Will you output all of the data below exactly, omitting the images?

__SOURCE MATERIAL__.
--- START ---
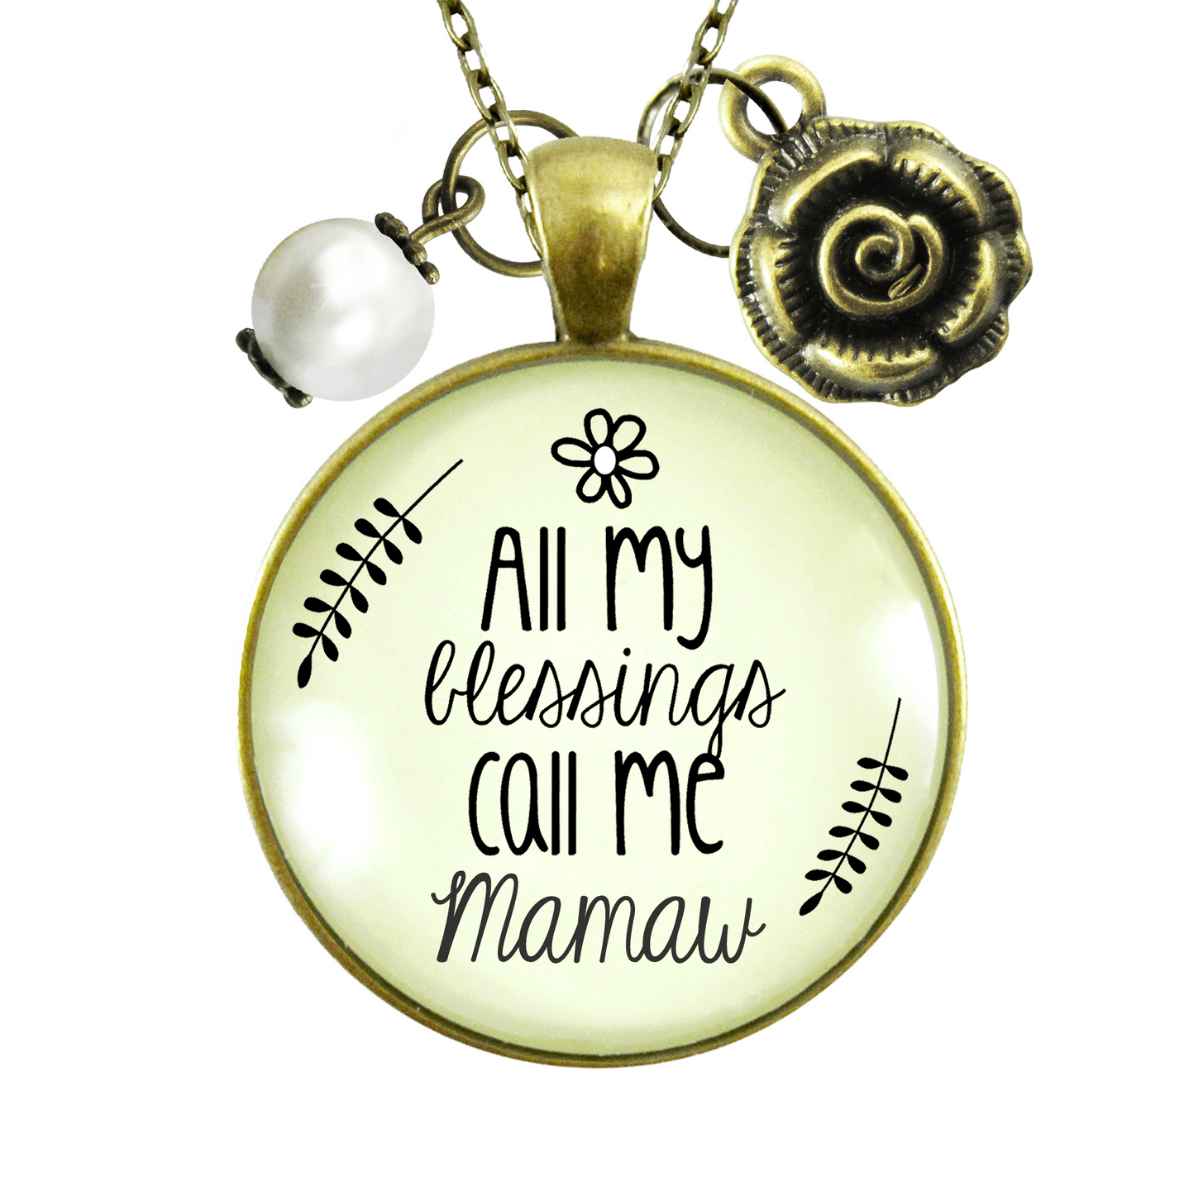 Gutsy Goodness Mamaw Necklace All My Blessings Southern Grandma Gift - Gutsy Goodness Handmade Jewelry;Mamaw Necklace All My Blessings Southern Grandma Gift - Gutsy Goodness Handmade Jewelry Gifts
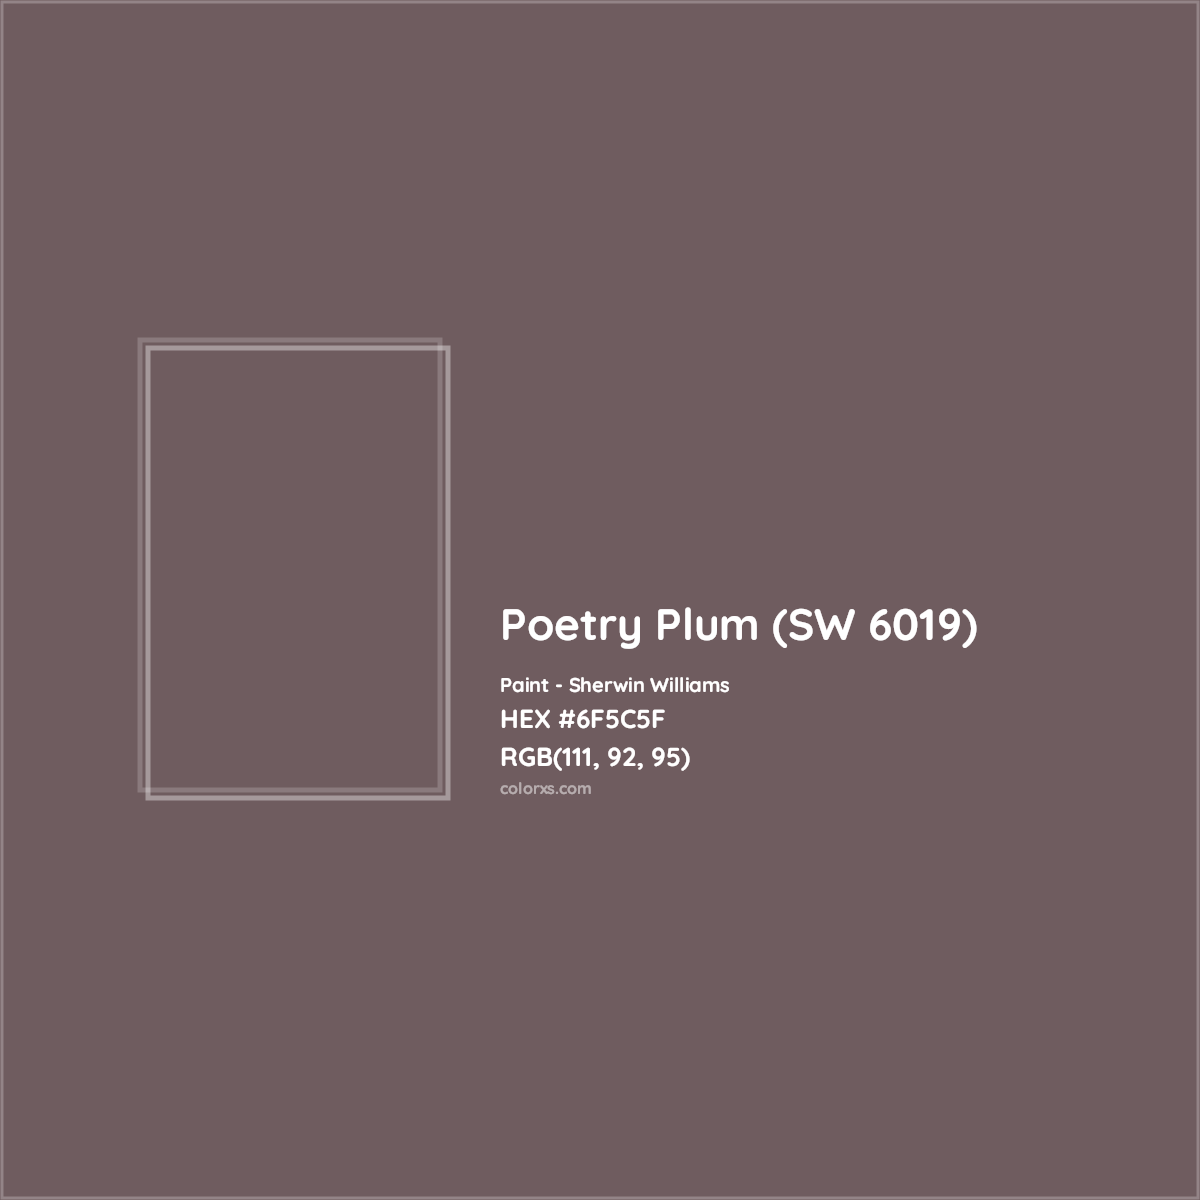 HEX #6F5C5F Poetry Plum (SW 6019) Paint Sherwin Williams - Color Code
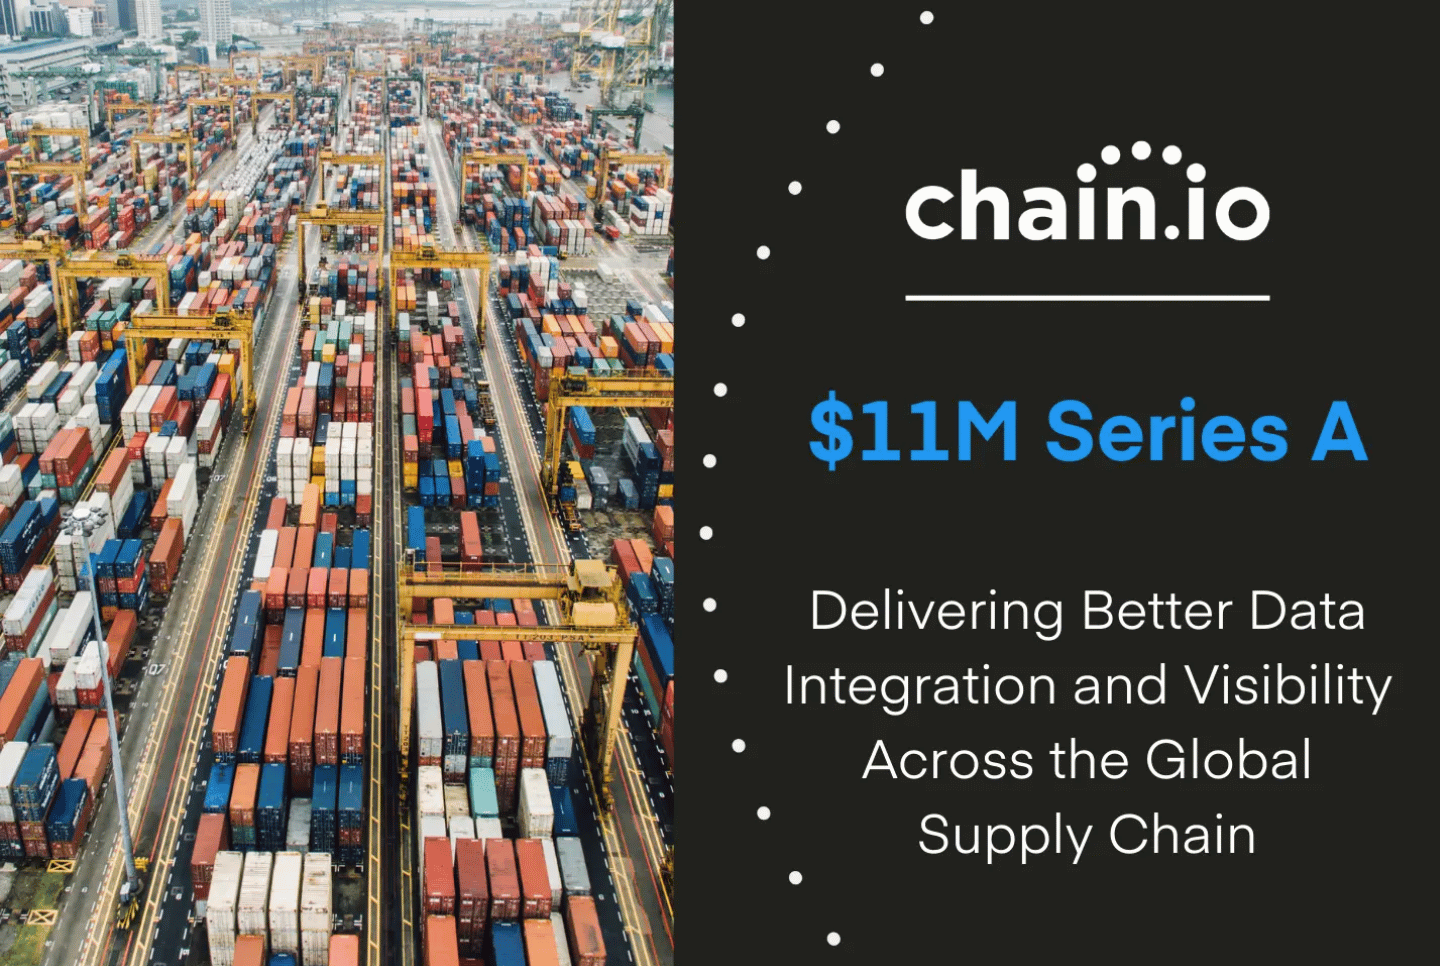 Announcing our $11M Series A Funding to Deliver Better Data Integrations and Supply Chain Visibility
--- END ---
__ANSWER TO THE EXERCISE__.
 Gutsy Goodness Mamaw Necklace All My Blessings Southern Grandma Gift - Gutsy Goodness Handmade Jewelry;Mamaw Necklace All My Blessings Southern Grandma Gift - Gutsy Goodness Handmade Jewelry Gifts
 HEX #6F5C5F Poetry Plum (SW 6019) Paint Sherwin Williams - Color Code
 Announcing our $11M Series A Funding to Deliver Better Data Integrations and Supply Chain Visibility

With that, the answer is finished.